• Try it: Copy the data below exactly. Any pictures in it should be omitted.
Dataset content Block Start
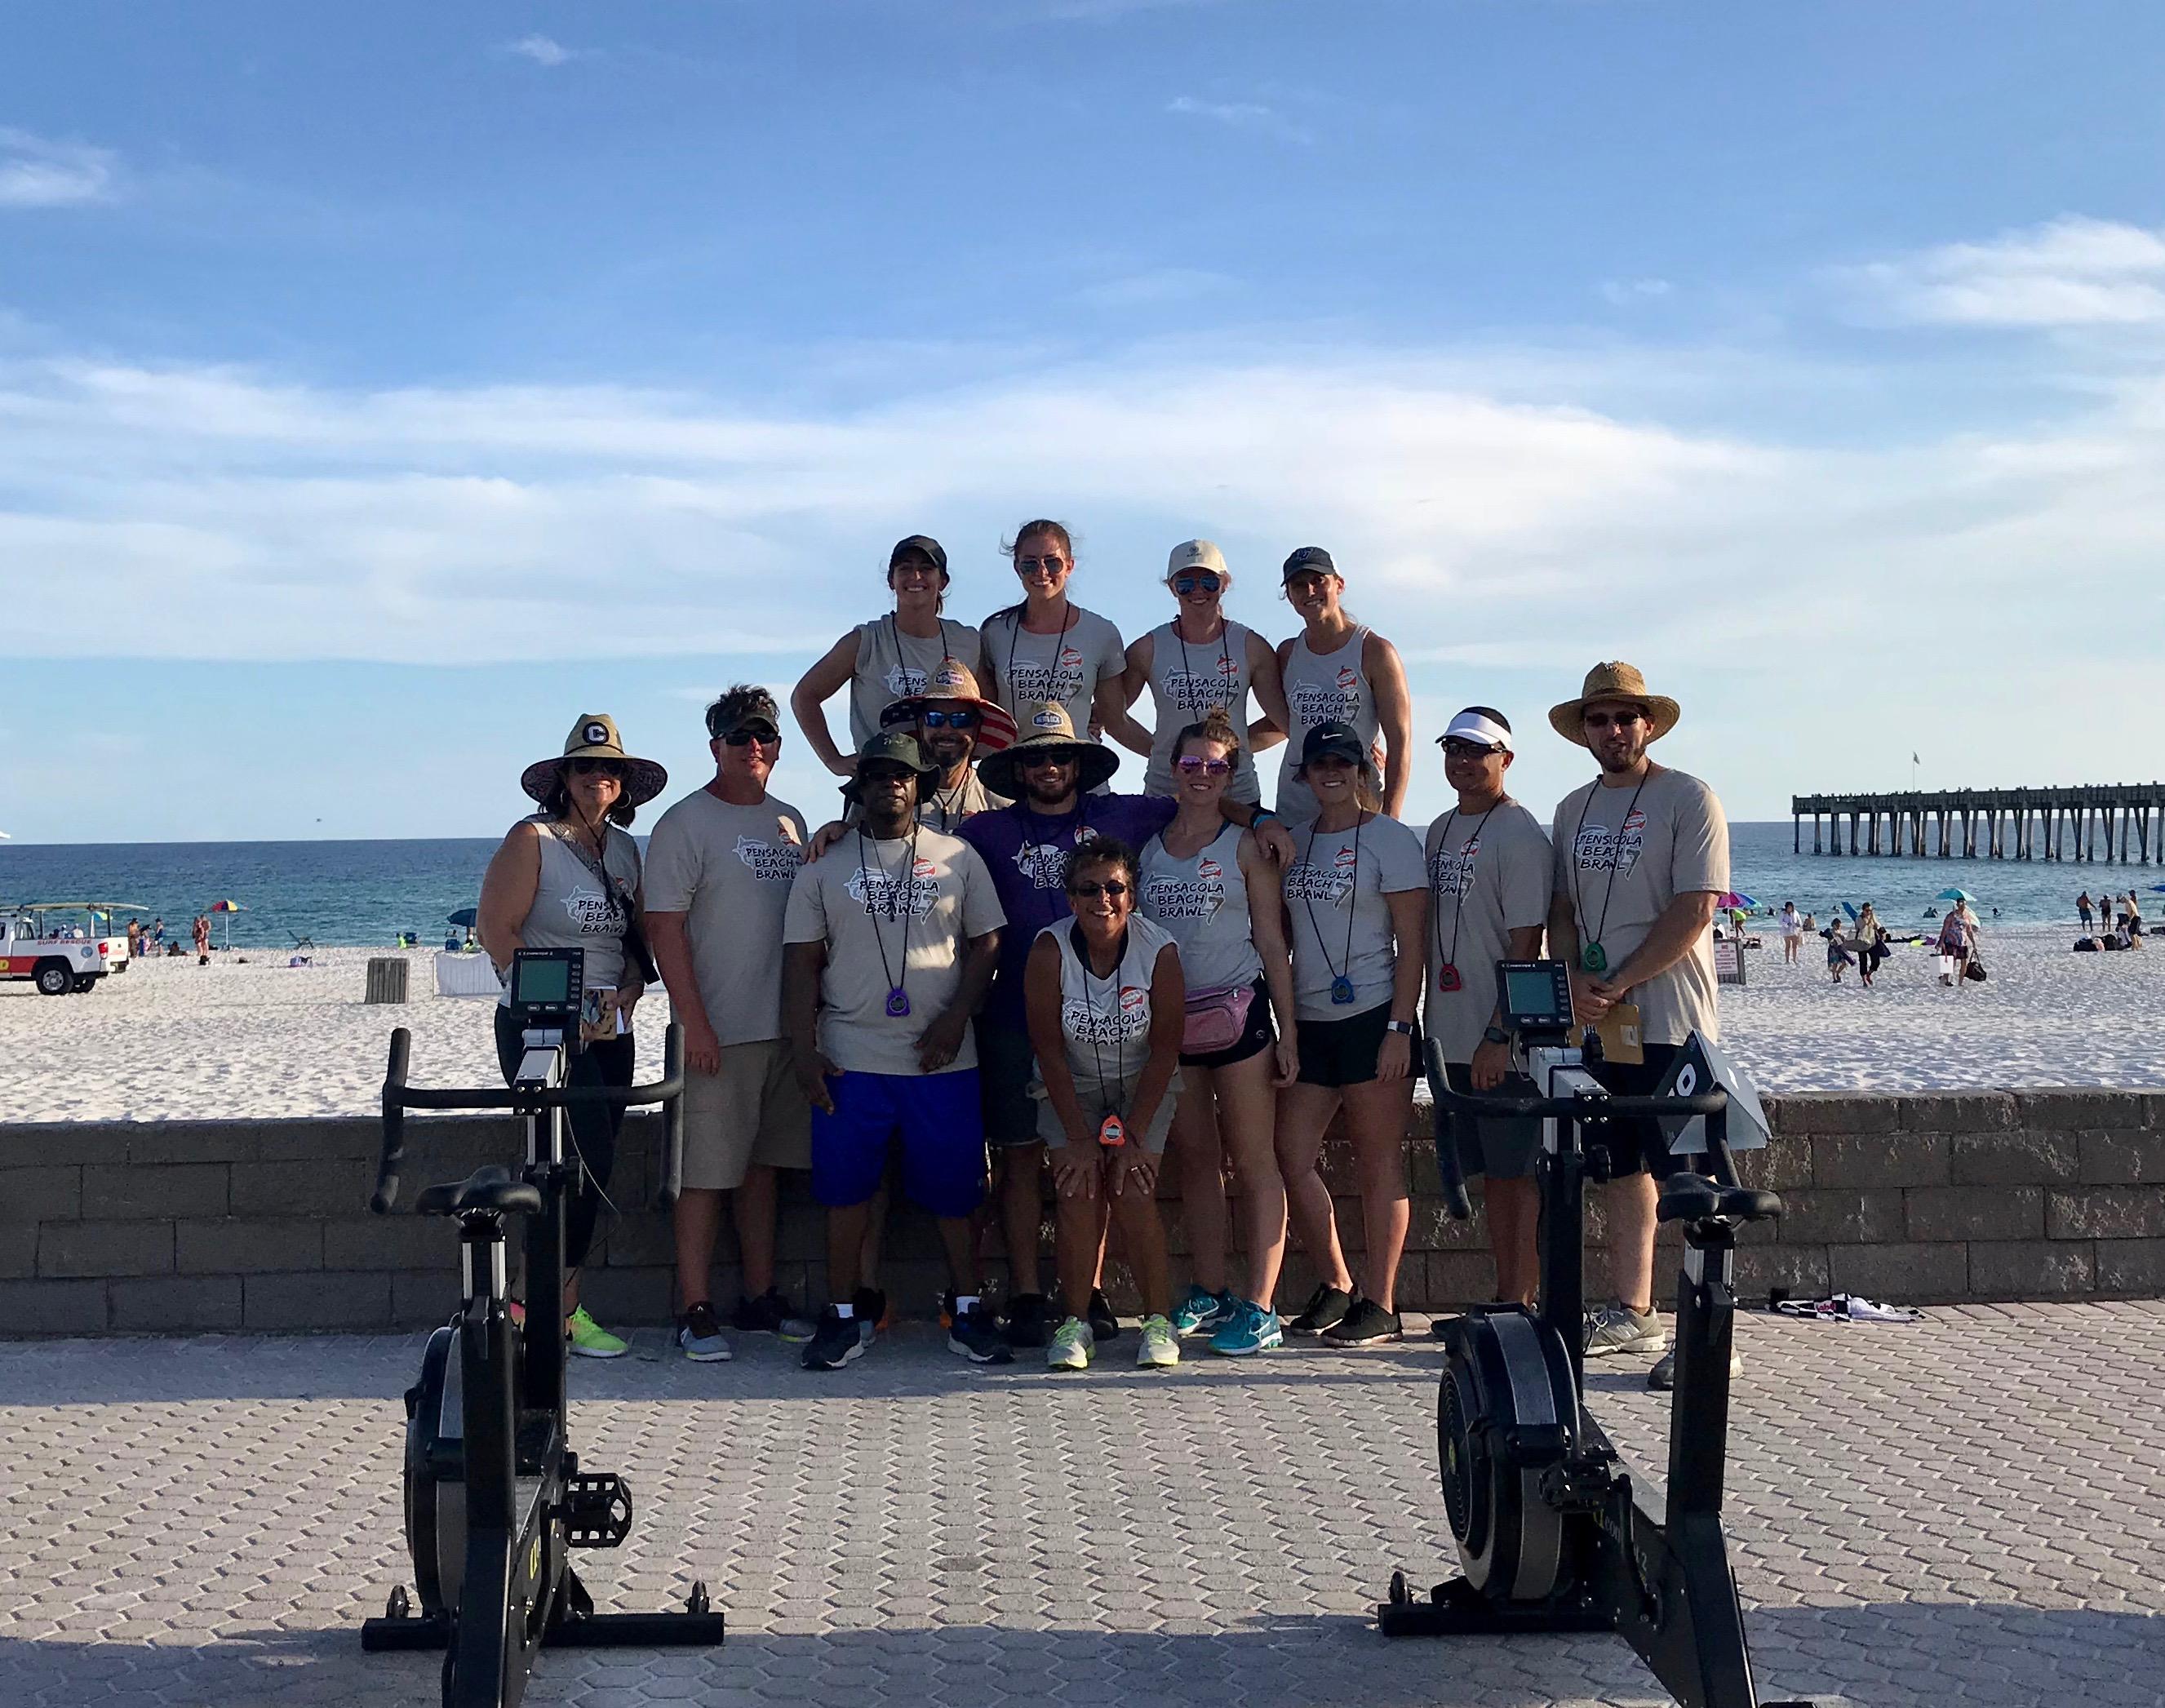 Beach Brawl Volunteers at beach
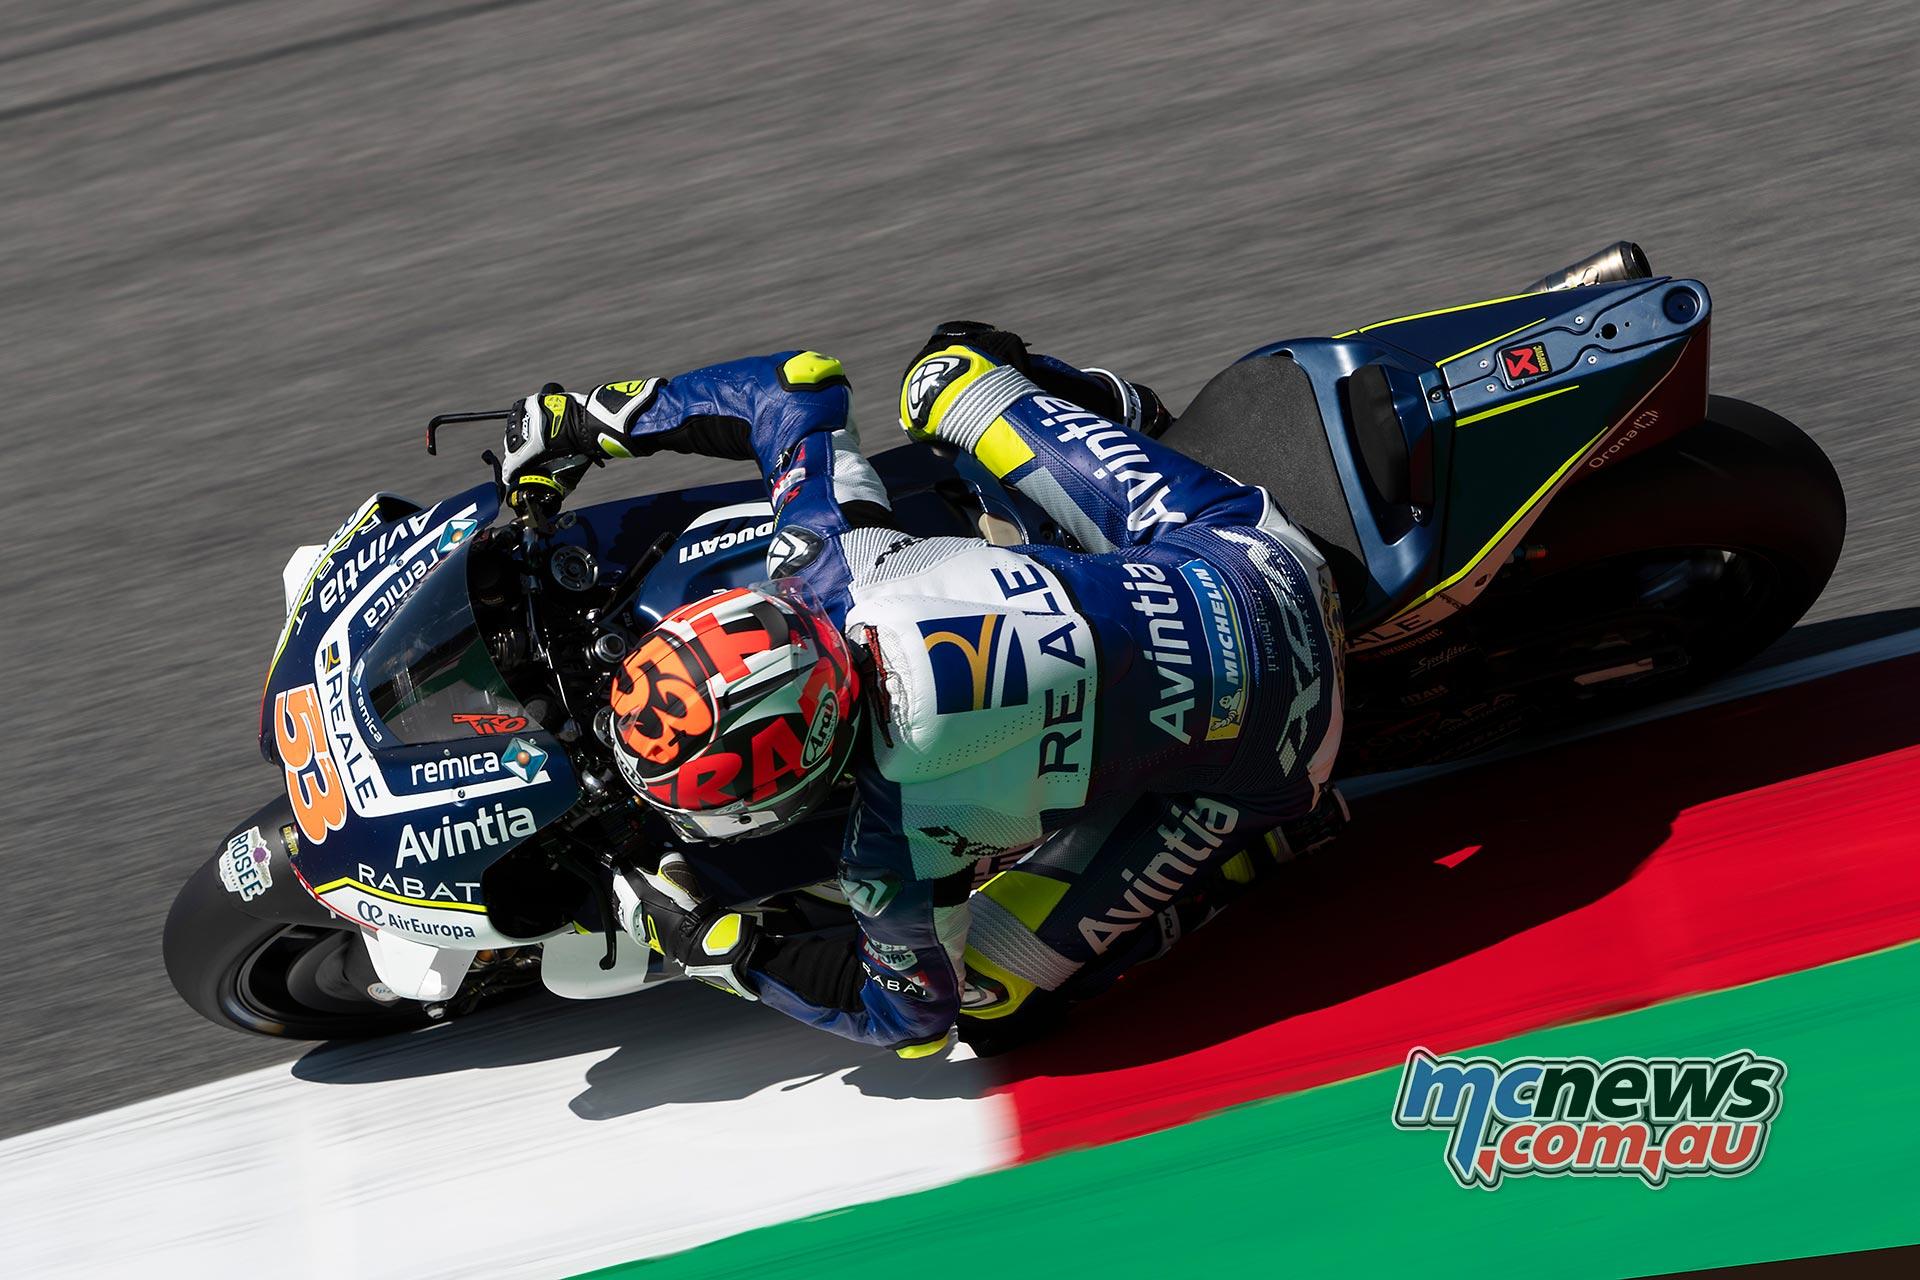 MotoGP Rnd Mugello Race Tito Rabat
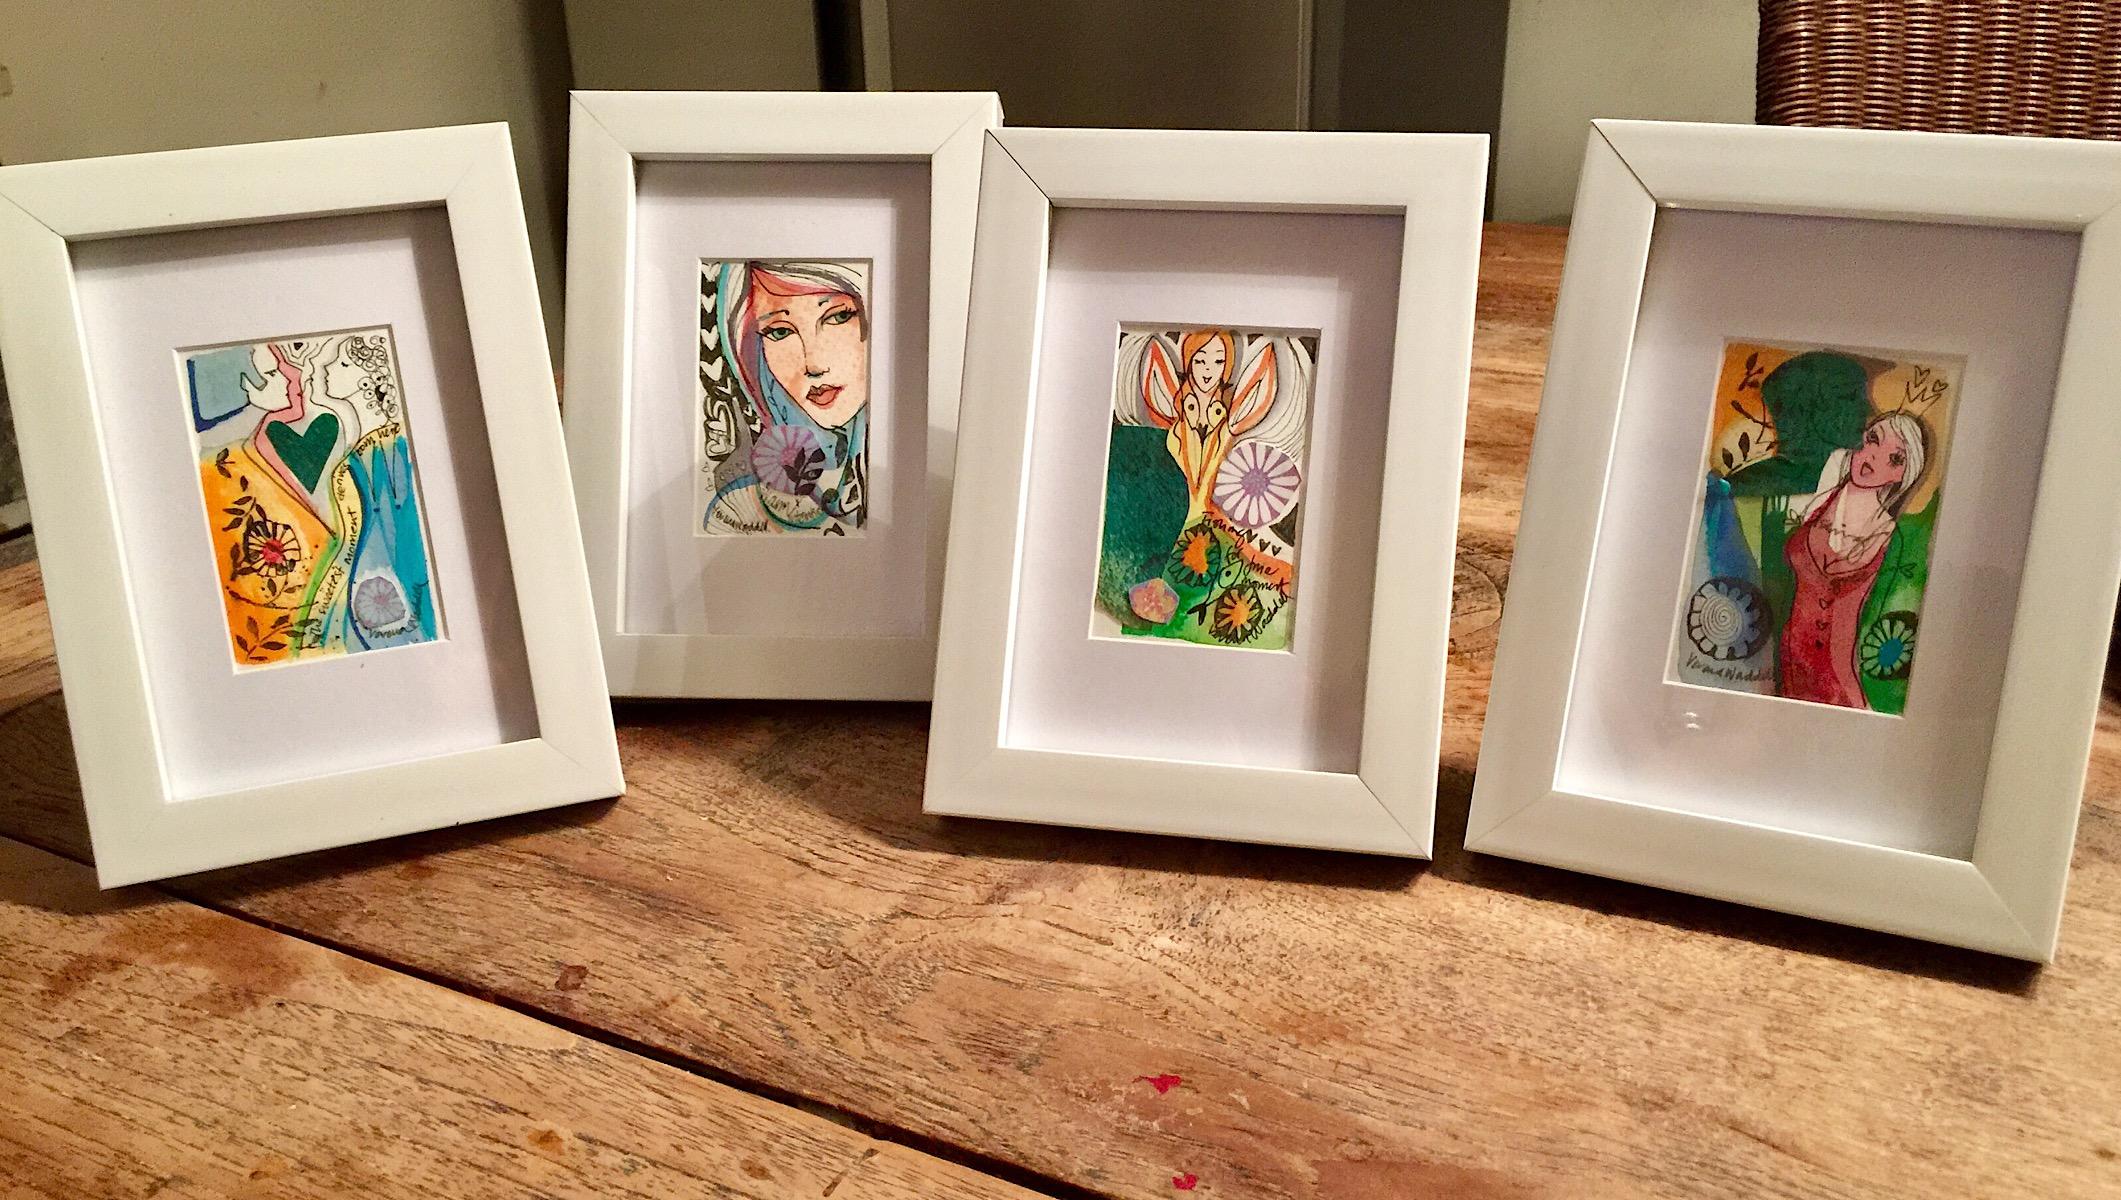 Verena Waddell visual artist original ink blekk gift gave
Dataset content Block End
• Expected output:
 Beach Brawl Volunteers at beach
 MotoGP Rnd Mugello Race Tito Rabat
 Verena Waddell visual artist original ink blekk gift gave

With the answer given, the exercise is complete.